# Company not accepting my resignation



## Jamescher (Jul 30, 2014)

HI,

I am working in a private company in dubai, i have completed 1.5 years in this company and due to some problems at home i need to go to india. i have given resignation to my company but they are not accepting it nor giving me leave. I know i might be banned for 6 months but thats fine for me. i need to go to india as soon as possible. 
Kindly help me with a possible solution and also will there be any other problem apart from 6 months ban??


----------



## Stevesolar (Dec 21, 2012)

Hi,
First question - do you have your passport in your possession?
If yes - at least you are able to travel.
If no - you need it back - as companies are not allowed to keep them (altgough many do!).
Best of luck
Steve


----------



## Jamescher (Jul 30, 2014)

Hi,
Thanks for the reply.

No i dont have my passport in hand its with the company.


----------



## vantage (May 10, 2012)

Jamescher said:


> Hi,
> Thanks for the reply.
> 
> No i dont have my passport in hand its with the company.


Point out to them that to hold it is against the law...
if you do not get it back, report it to MOL.


----------



## rayh (Apr 1, 2011)

Do you have an evidence of giving the agreed notice period to the company?
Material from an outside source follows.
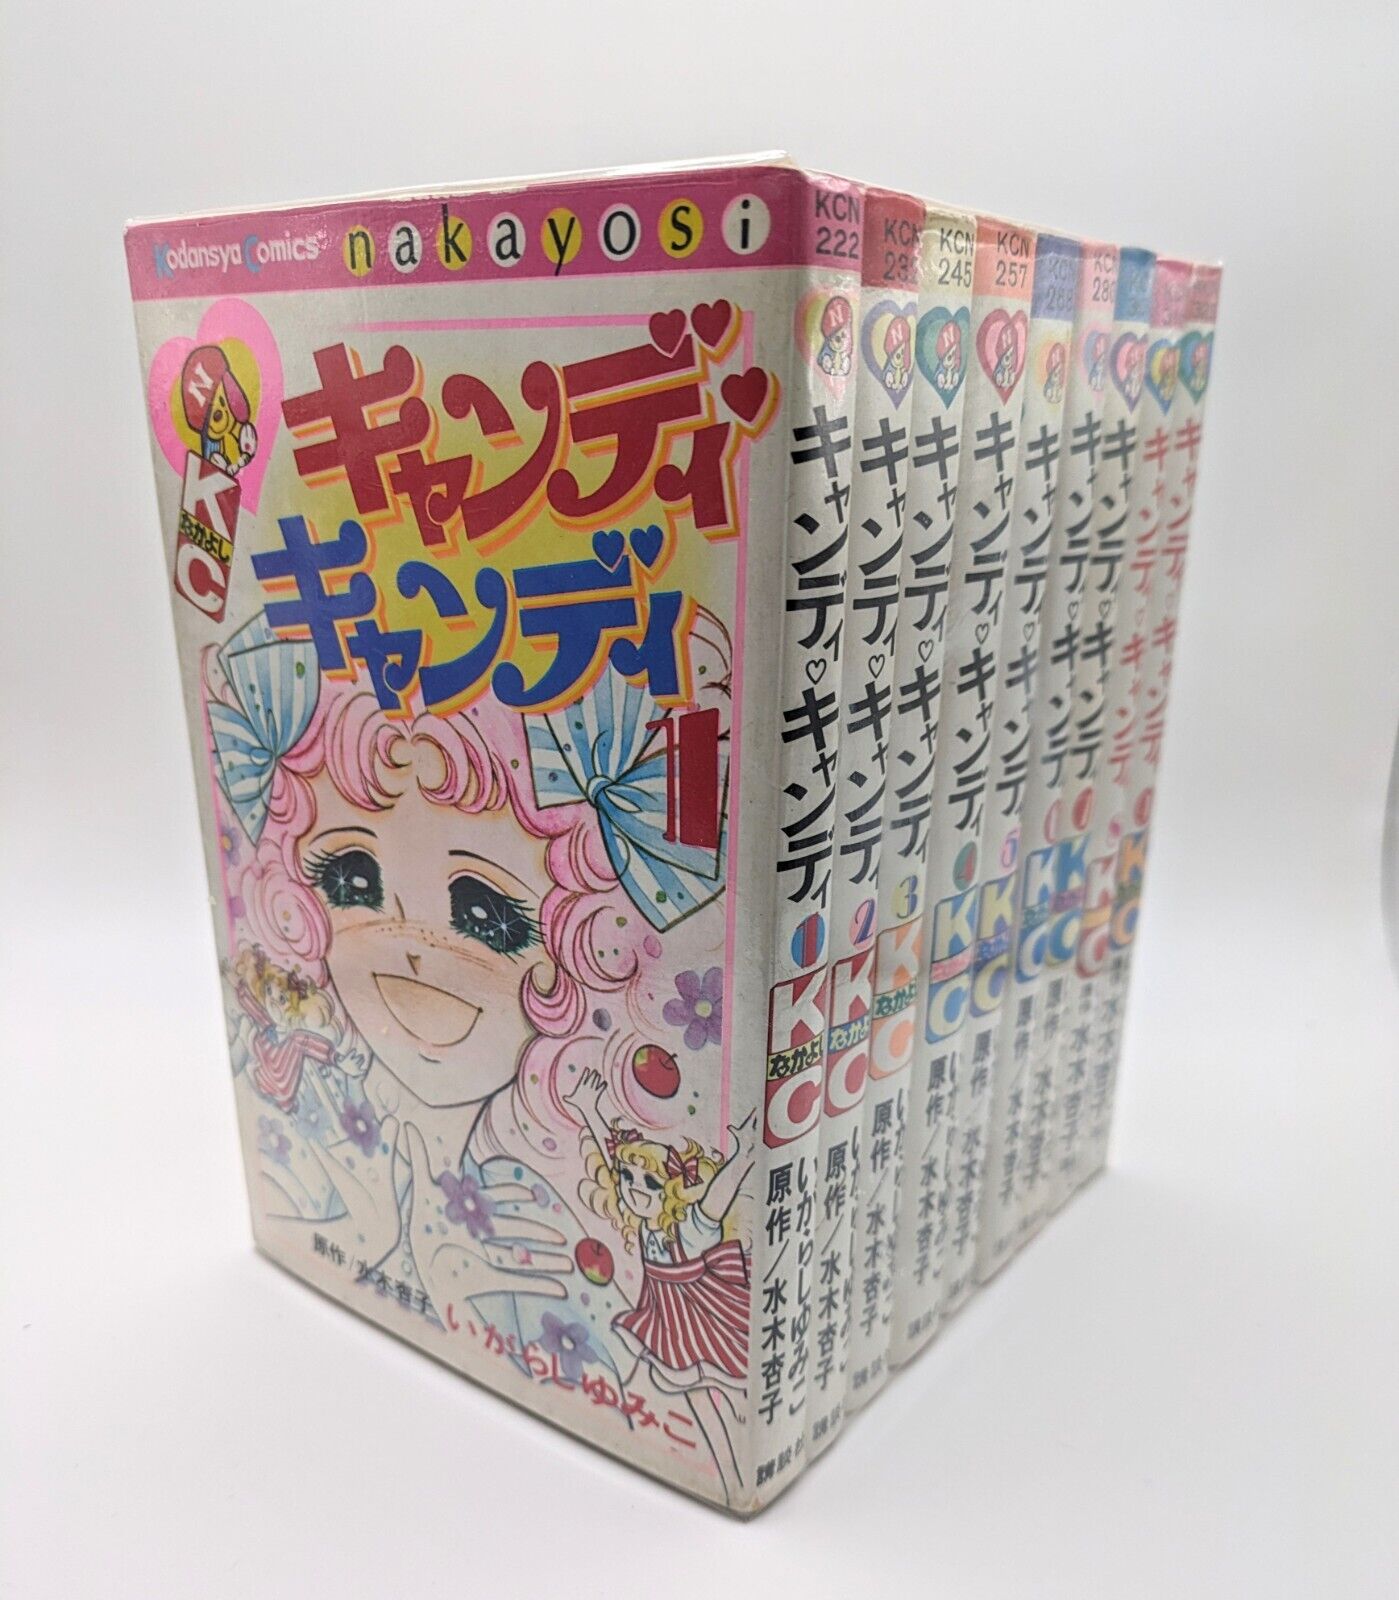 CANDY CANDY Manga Complete Set Igarashi Yumiko Comics Japanese 70's

Yes, you will have a ban which can be lifted at the later stage by prospective employer if you wish to return. In any case, it is not acceptable by law for an employer to not accept your resignation and hold your passport.

You can contact ministry of labour with your case. They will surely support you.

All the best.


----------



## Jamescher (Jul 30, 2014)

Hi,

Ya in my offer letter its mentioned 1 month notice period. i am ready for that also then too he is not letting.


----------



## vantage (May 10, 2012)

Jamescher said:


> Hi,
> 
> Ya in my offer letter its mentioned 1 month notice period. i am ready for that also then too he is not letting.


he cannot 'not let you'

report it directly to the Ministry of Labour. Do it today.
Report also that they are holding your passport.


Have all your paperwork

offer letter
contract
your resignation letter

good luck


----------



## Jamescher (Jul 30, 2014)

Thanks for the reply.

One more doubt my contract is a limited contract will that be an issue ??


----------



## vantage (May 10, 2012)

call MOL and ask them?

here's the Labour Law.
Read it, and see if your answer is here.
UAE LAbour Law

I still suggest you call MOL and ask them the procedure for your particular circumstances.

heree's their website.
you'll find all the contacts you need there
MOL website


----------